In Wal-Mart, the plaintiffs also analyzed promotion data and showed that females were under-promoted in almost all regions for all the four managerial positions. Of the four managerial positions, the store manager had the least convincing statistical evidence of female being under-promoted, i.e. the smallest number of regions that females were under-promoted. However, even for the store manager, 34 out of 40 regions females were under-promoted and the probability of observing 34 or more out of 40 regions that females would be disadvantaged under a fair system is less than 1 in 100,000. Moreover, our re-analysis of the plaintiffs’ promotion data demonstrated that the promotion data are consistent with an overall system in which the odds of a female being promoted were only 70% to 80% that of a male. Unfortunately, plaintiffs just relied on the statistical significance of the difference in promotion rates and did not provide this summary relative odds ratio.

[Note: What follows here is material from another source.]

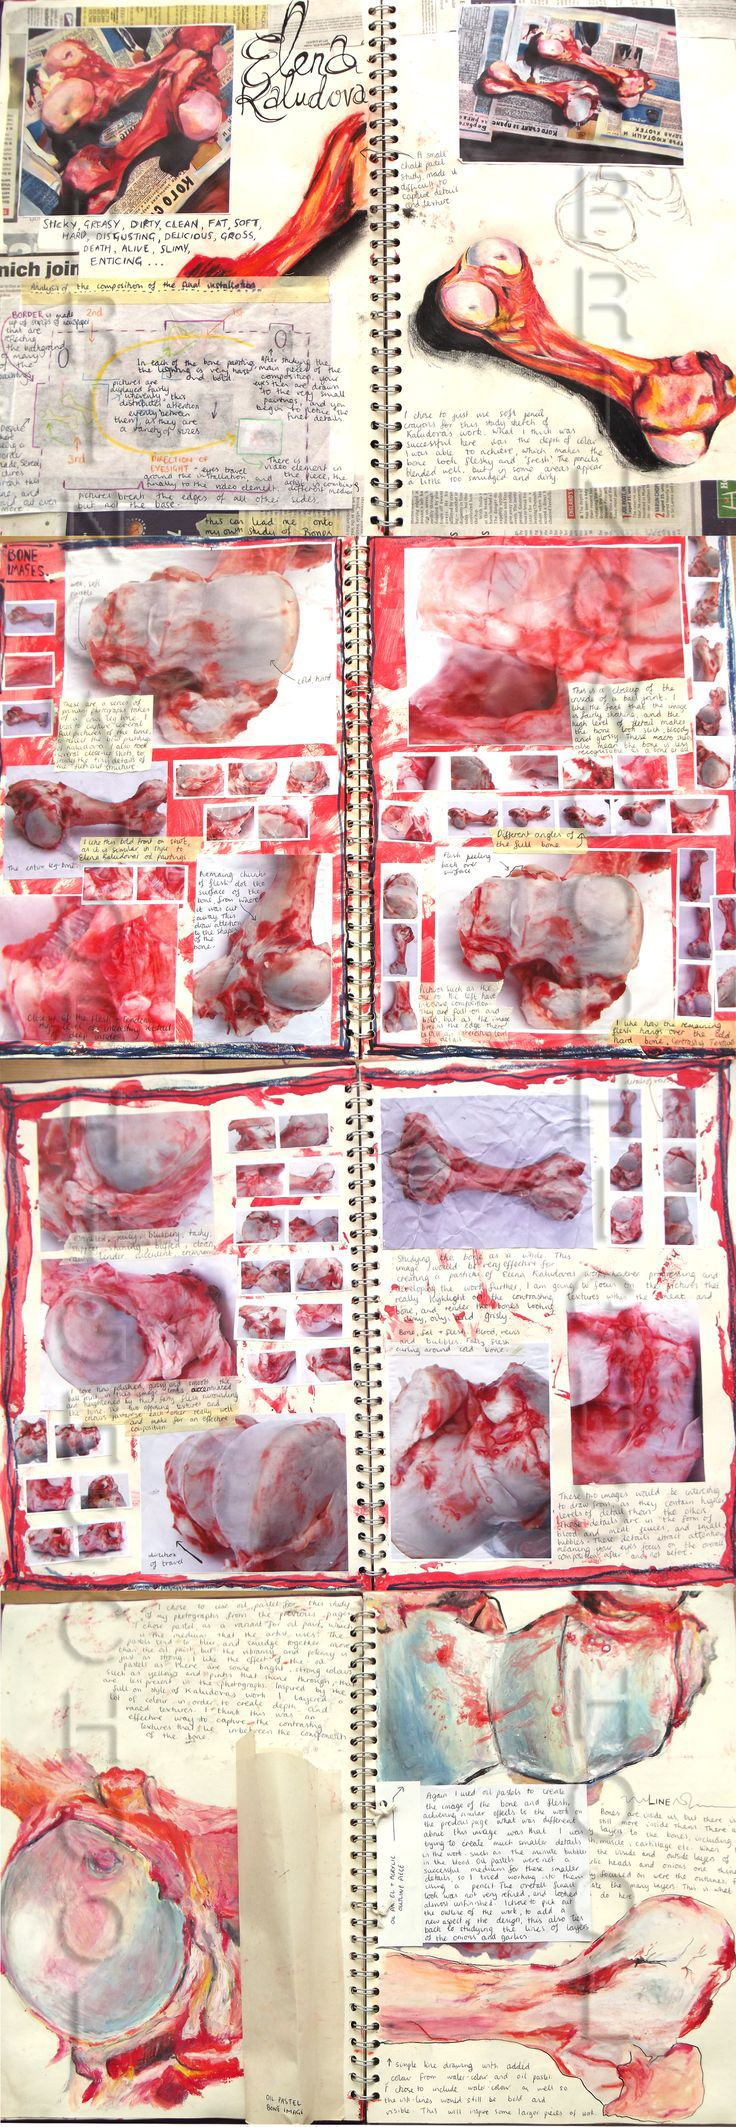 A2 ART - INSIDE,OUTSIDE,IN-BETWEEN Lauren NurseAO1,AO2,AO3,Development and sketchbook work- Bones- Springwood Highschool

Relatively few legal opinions appreciate the need to carefully assess criticisms of statistical studies. Almost no data sets are error-free and one can usually conjecture that some non-included variables may explain a disparity. Before accepting suggested explanations such as regional disparities could be due to a small set of stores (id. at 2555) or most managers in a corporation with a policy forbidding discrimination would make sex-neutral decisions (id. p. 15), one should ask for data showing the stores causing each regional disparity or the mechanism used by the firm in enforcing its policy. Knowing the method Wal-Mart used to monitor its employment practices would aid in determining the appropriate units, e.g., district or region, for which the data should be analyzed.
*Professor Joseph L. Gastwirth is Professor of Statistics and Economics at George Washington University and the author of Statistical Reasoning in Law and Public Policy. Professor Weiwen Miao is Associate Professor of Mathematics at Haverford College and Professor Efstathia Bura is Associate Professor of Statistics at George Washington University. The authors have written many articles on the proper use and interpretation of statistical evidence in equal employment, toxic tort, and securities law. This note relies on their article, Some Important Statistical Issues Courts Should Consider in their Assessment of Statistical Analyses Submitted in Class Certification Motions: Implications for Dukes v. Wal-Mart, published in Law, Probability and Risk (Sept. 2011) 10, 225–64.